After retirement I worked for Ryan Aircraft Company for a year in the program management office for a new runway launched/runway recovered, high altitude, remotely controlled aircraft. But my heart was not in being in the same line of work. So we moved to my home town in Minnesota to be near my parents. We bought a 40 acre “farm” and spent the next four years re-modeling the house from foundation to roof and all in between. During the time we were busy working on the house both of my parents died. So we soon decided to move to Oklahoma since my wife was originally from there. But again we found that we were somewhere we did not want to be so we moved back to Minnesota to be near our grand children. We lived in a small town where I was a state certified volunteer fireman/first responder, served on the town council and finally was elected mayor. 

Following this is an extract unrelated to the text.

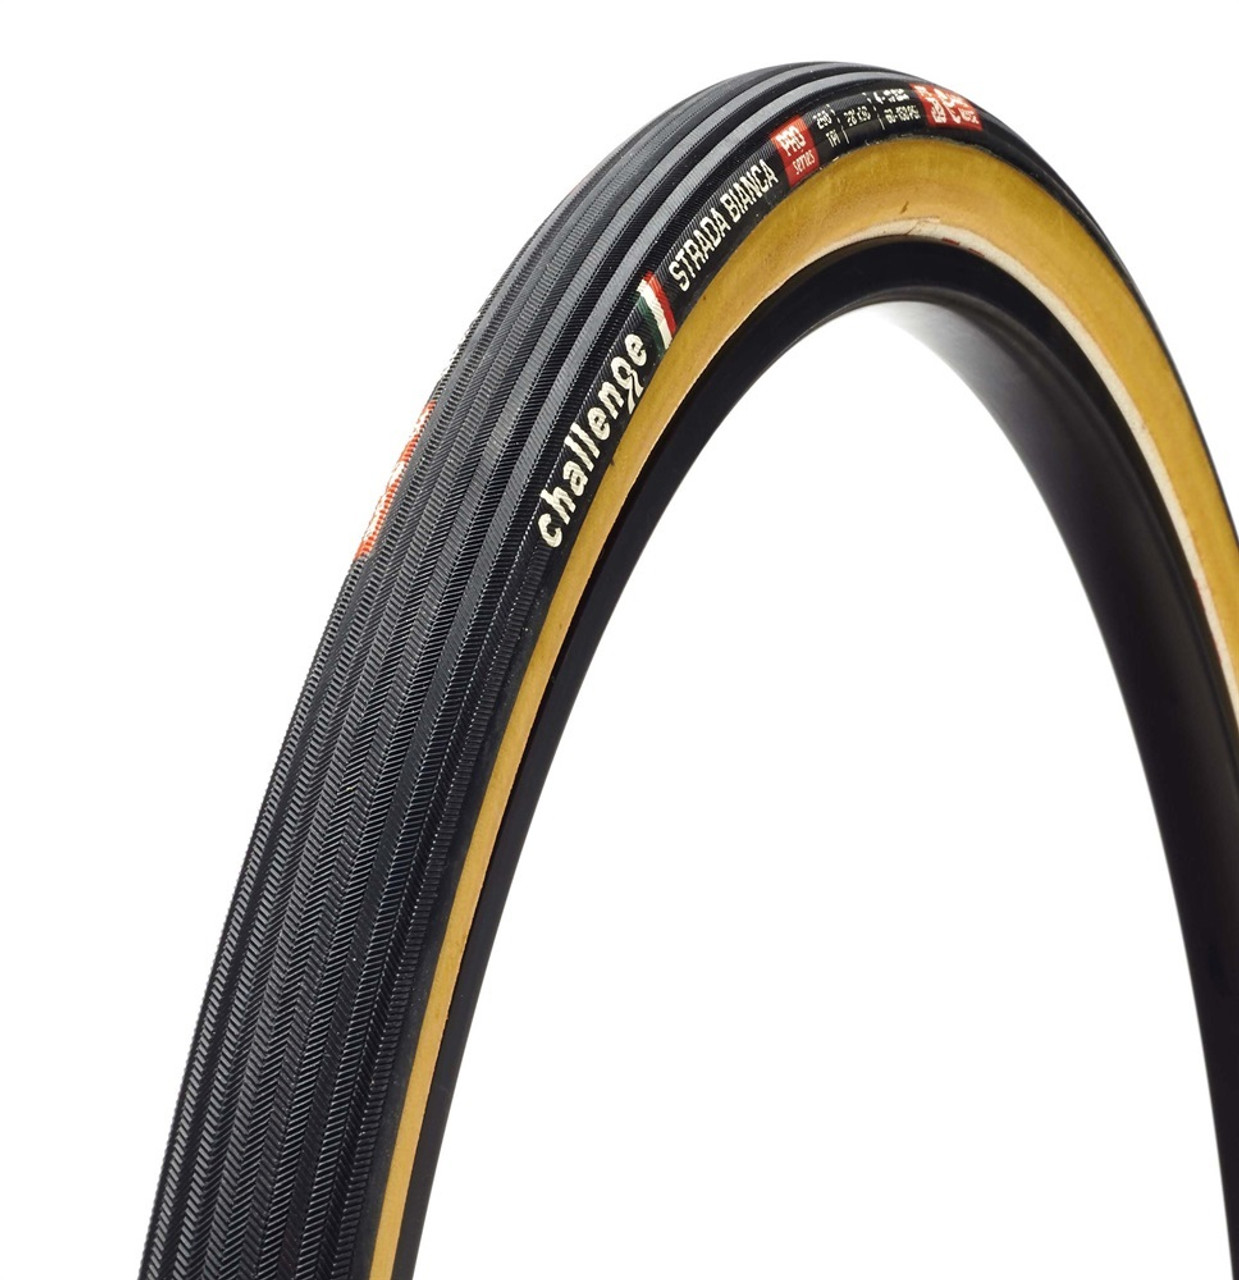 Challenge Strada Bianca Pro Cyclocross/Gravel Clincher Tyre In Tan 700 x 30

By 1984 we were back in Oklahoma with two of our grand children living with us. I worked in a retail and wholesale gun and hunting supplies store. The two grand children finally went to live with their father in California. In 1996 we bought a 30 foot Class A motor home. We planned to do a lot of traveling and see the US of A. Before our first trip, our grandson became diabetic so returned to live with us and attend college. Prior to enrolling in college, the three of us took our first motor home trip. We went to California, up the coast to Washington, across the top row of states, down through Colorado and back home. We are so happy that our grandson went with us. 

On March 14, 1997 our lives were changed forever. The grandson living with us was murdered. The murderer was an acquaintance who wanted our grandson’s old car. Over night we were thrown into a world of Police, Homicide Detectives, Medical Examiners, Assistance District Attorneys, Defense Lawyers, Court delays, plea bargaining and all the inside politics that goes on during each phase. But we finally prevailed by going directly to the District Attorney whenever we thought we were being victimized again. The murderer is now serving a life without possibility of parole sentence in state prison. My wife and I have spent considerable time over the past several years lobbying the Governor, State Senators and State Representatives for more victims’ rights and a better criminal justice system. At the present time we are slowly returning to “normal”. It has taken a long time to be able to think about anything other than what happened to our grandson and family. But with the passage of time and a lot of help we will be okay. We are planning to make up for lost time. We have kids and grandkids from California, to southern Florida, to eastern Oklahoma and southern Minnesota. We hope to keep the wheels humming. 

The following links will take you to web pages about aircraft I worked on and/or provided the operating units technical and material support. I sincerely hope you will take the time to follow these links 

http://www.vectorsite.net/twuav01.html  The history of early US target drones, leading up to the type I flew on the OQ Ranges 

http://www.vectorsite.net/twuav04.html  The history of drone reconnaissance during the  1960s and 1970s. This link gives a year by year detailed history and analysis of the progression of the early rather simple drones to the final complex, multi-mission craft. 

 http://www.55srwa.org/55_bruce.html  A narrative story about drones in Southeast Asia covering the drones, the launch aircraft, the recovery team, operational history, mission profiles and a list of major accomplishments. This link also concludes with a story about the U-2 and SR-71 aircraft. 

http://www.55srwa.org/55_vietnam.html  The history of the RB-47 & RC-135 aircraft from the 1950s thru their missions in Vietnam 

http://www.wpafb.af.mil/museum/annex/an50.html  The Ryan SPA154 developed in the late 1960s.  

The history of US drones after the SPA154 has been sometimes stop and go, sometimes full speed ahead with one or many contractors, with fly-offs for contracts, which have lead to the present day Global Hawk and Predator. If the past is any indication of the future, you can rest assured that there are plenty of other specialized drones in the hangers somewhere and more (smaller and/or larger) on the drawing boards in every forward thinking contractor.